2. Humans Compensate Quietly
When AI outputs are imperfect, humans adapt.
They double-check.
They reformat.
They re-interpret.
They fix errors before escalation.
The system appears to function.
But hidden labour absorbs model weaknesses.
The dashboard looks stable.
The organisation is quietly paying for correction.
3. Incentives Favour Optimism
Project teams are rarely rewarded for declaring “this does not work”.
Budgets, promotions, vendor relationships, and reputation all encourage positive framing.
So AI systems are described as:
“improving steadily”,
“early but promising”,
“strategic capability building”.
Very few are shut down decisively.
4. Vendors Optimise for Benchmarks
External providers optimise for:
benchmark scores,
demo performance,
general capabilities.
Your business operates in:
messy workflows,
legacy systems,
regulatory boundaries,
political hierarchies.
The gap between benchmark excellence and operational excellence is rarely quantified before procurement.
5. No “Kill Metric”
Most AI deployments lack predefined failure thresholds.
Without a kill metric—an agreed performance boundary that triggers shutdown—projects linger indefinitely in a semi-working state.
They are too embedded to remove.
Too weak to celebrate.
Too risky to ignore.
The Real Risk: Decision Contamination
The most dangerous AI systems are not the ones that fail loudly.
They are the ones that influence decisions subtly while being partially wrong.
A pricing model that nudges margins down by 0.3%.
A hiring filter that skews candidate pools gradually.
A credit score adjustment that compounds bias over time.

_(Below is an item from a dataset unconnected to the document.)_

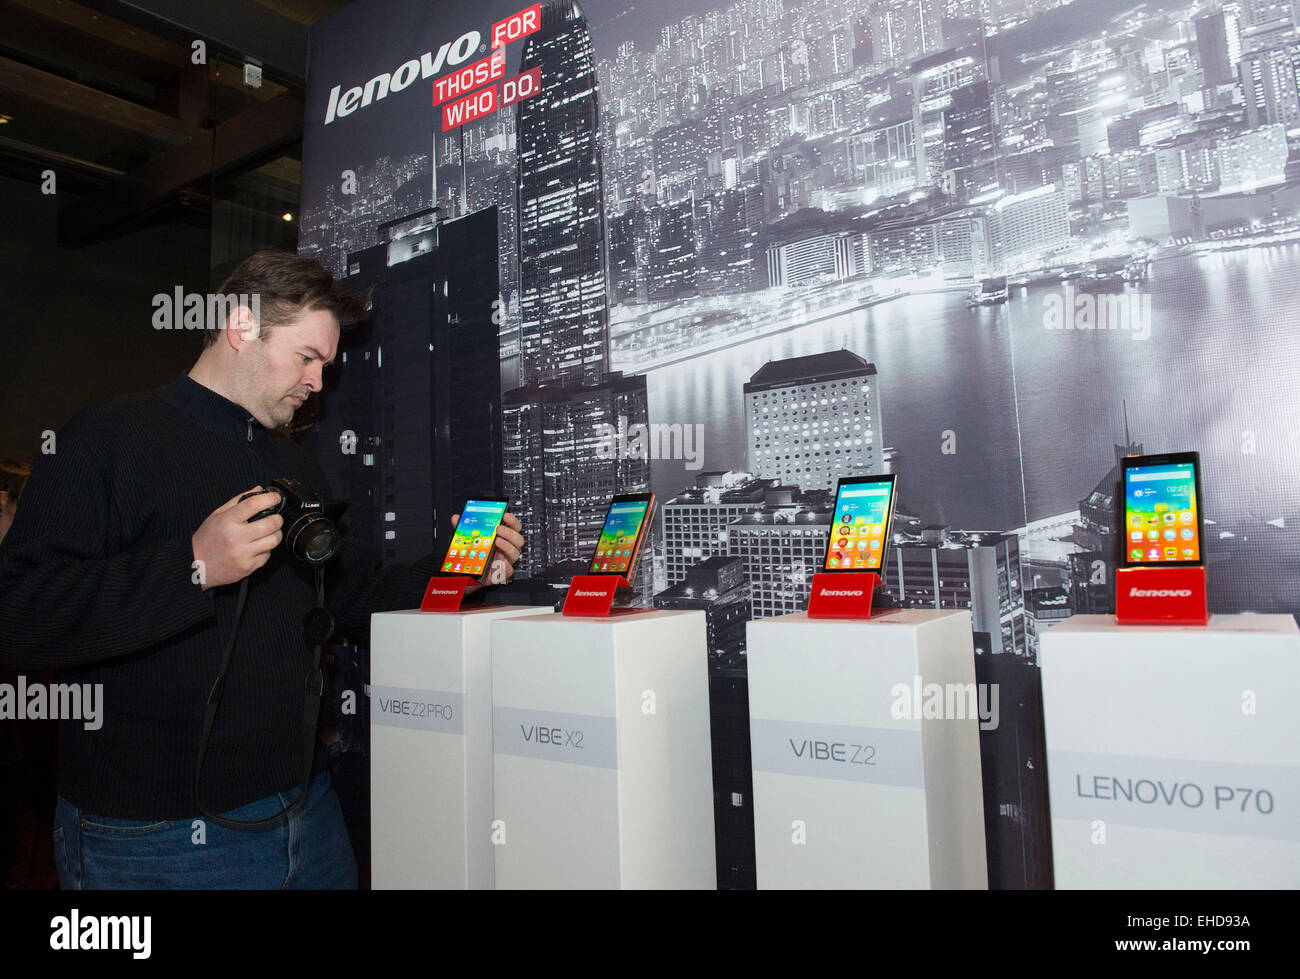 (150312)--ZAGREB, 12. März 2015 (Xinhua)--A Journalist schaut auf Lenovo Smartphones während einer Präsentation in Zagreb, Kroatien, 12. März 2015. Lenovo, eine chinesische Technologie-Riesen, lanciert eine neue Linie von sechs Smartphones--VIBE Z2 PRO, VIBE Z2, X2, Lenovo P70, Lenovo S90 und Lenovo A536 - VIBE in Kroatien am Donnerstag. (Xinhua/Miso-Lisanin) (Zjy) Stockfoto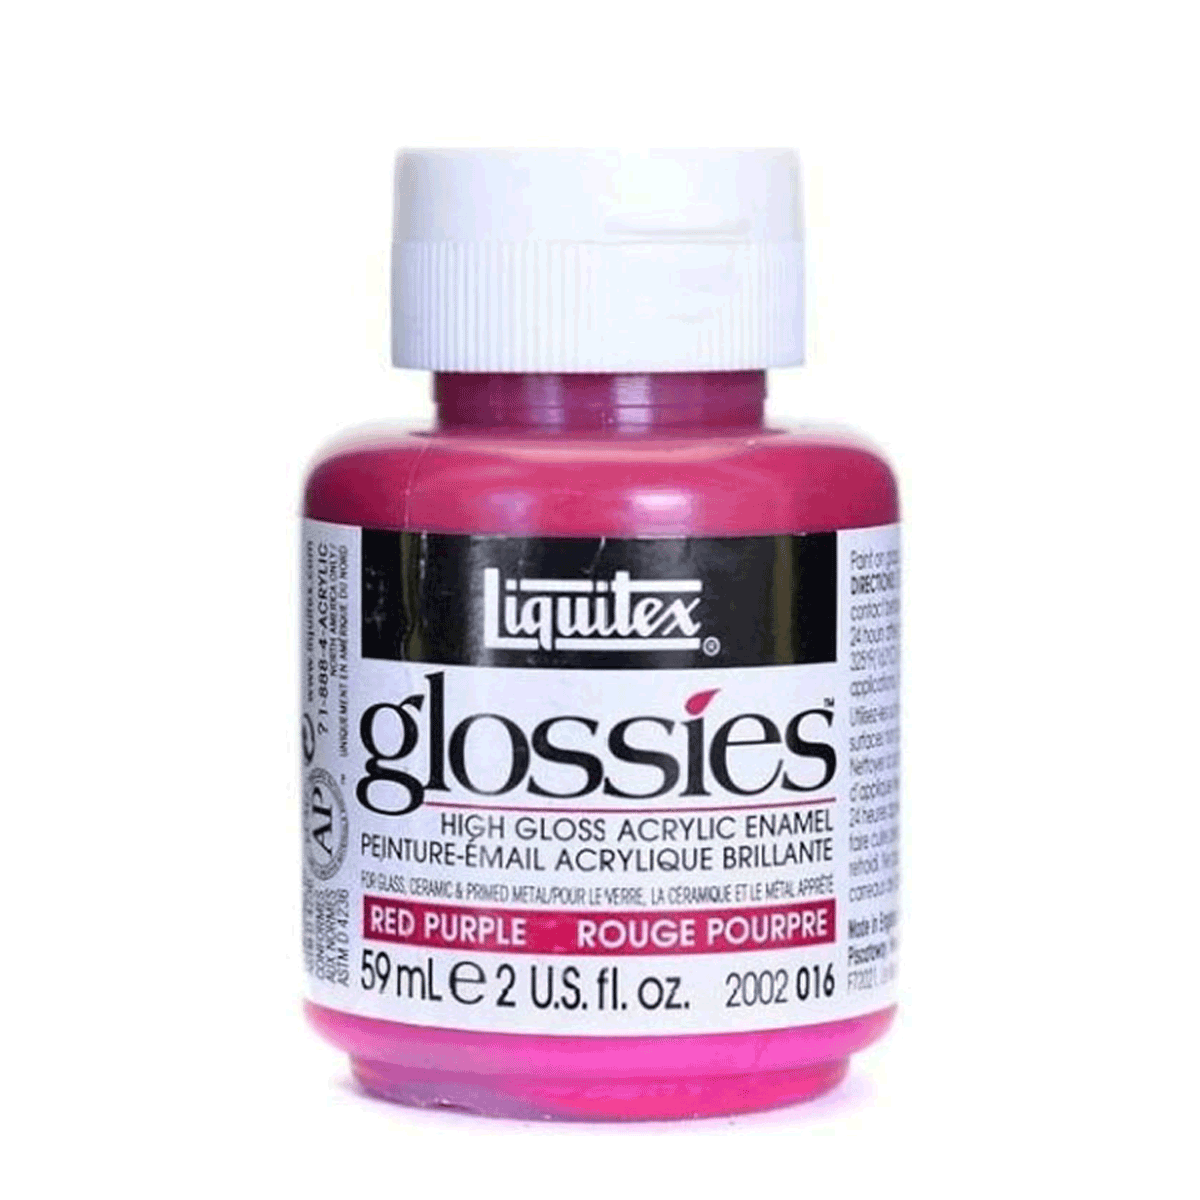 Liquitex Glossies High Gloss Acrylic Enamel - Red Purple 2-oz. (59ml)

A recommendation engine that shifts demand unpredictably.
Each effect is small.
Collectively, they reshape the organisation.
And often, no one can trace the outcome back to the model.
A Practical Framework: Prove or Pause
If you want to know whether your AI works, implement the five disciplines immediately.
1. Define Economic Output Per Decision
Not “model accuracy”.
Not “usage rate”.
Define:
cost per inference,
value per correct output,
cost per error,
downstream operational impact.
Translate AI into unit economics.
2. Install Live Production Monitoring
Track:
performance by segment,
drift indicators,
override rates,
anomaly spikes.
If you monitor financial systems daily, why monitor AI quarterly?
3. Introduce Counterfactual Testing
Run controlled comparisons where possible:
phased rollouts,
shadow modes,
controlled randomisation.
Prove causality before scale.
4. Make Override Visible
Track how often humans:
correct outputs,
ignore suggestions,
escalate cases.
Human distrust is data.
5. Agree a Kill Threshold
Pre-define:
minimum acceptable performance,
maximum tolerable risk exposure,
review cadence.
If thresholds are breached, pause deployment automatically.
This is governance, not pessimism.
The Strategic Advantage of Admitting Uncertainty
There is a counterintuitive competitive edge emerging:
The firms that admit they do not know whether their AI works are better positioned than those who assume it does.
Why?
Because they design measurement before scale.
They build governance before automation.
They treat AI as infrastructure, not marketing.
In a tightening regulatory environment, especially in Europe, this discipline will not be optional.
It will be audited.
The Question That Changes the Conversation
Instead of asking:
“Where else can we use AI?”
Ask:
“Where can we prove it works?”
That single shift transforms AI from a narrative into an asset.
Most organisations today cannot confidently prove that their AI works in economic, operational, and regulatory terms.
The ones that can will not necessarily have better models.
They will have better discipline.
And discipline—not intelligence—will determine who captures durable value from artificial intelligence.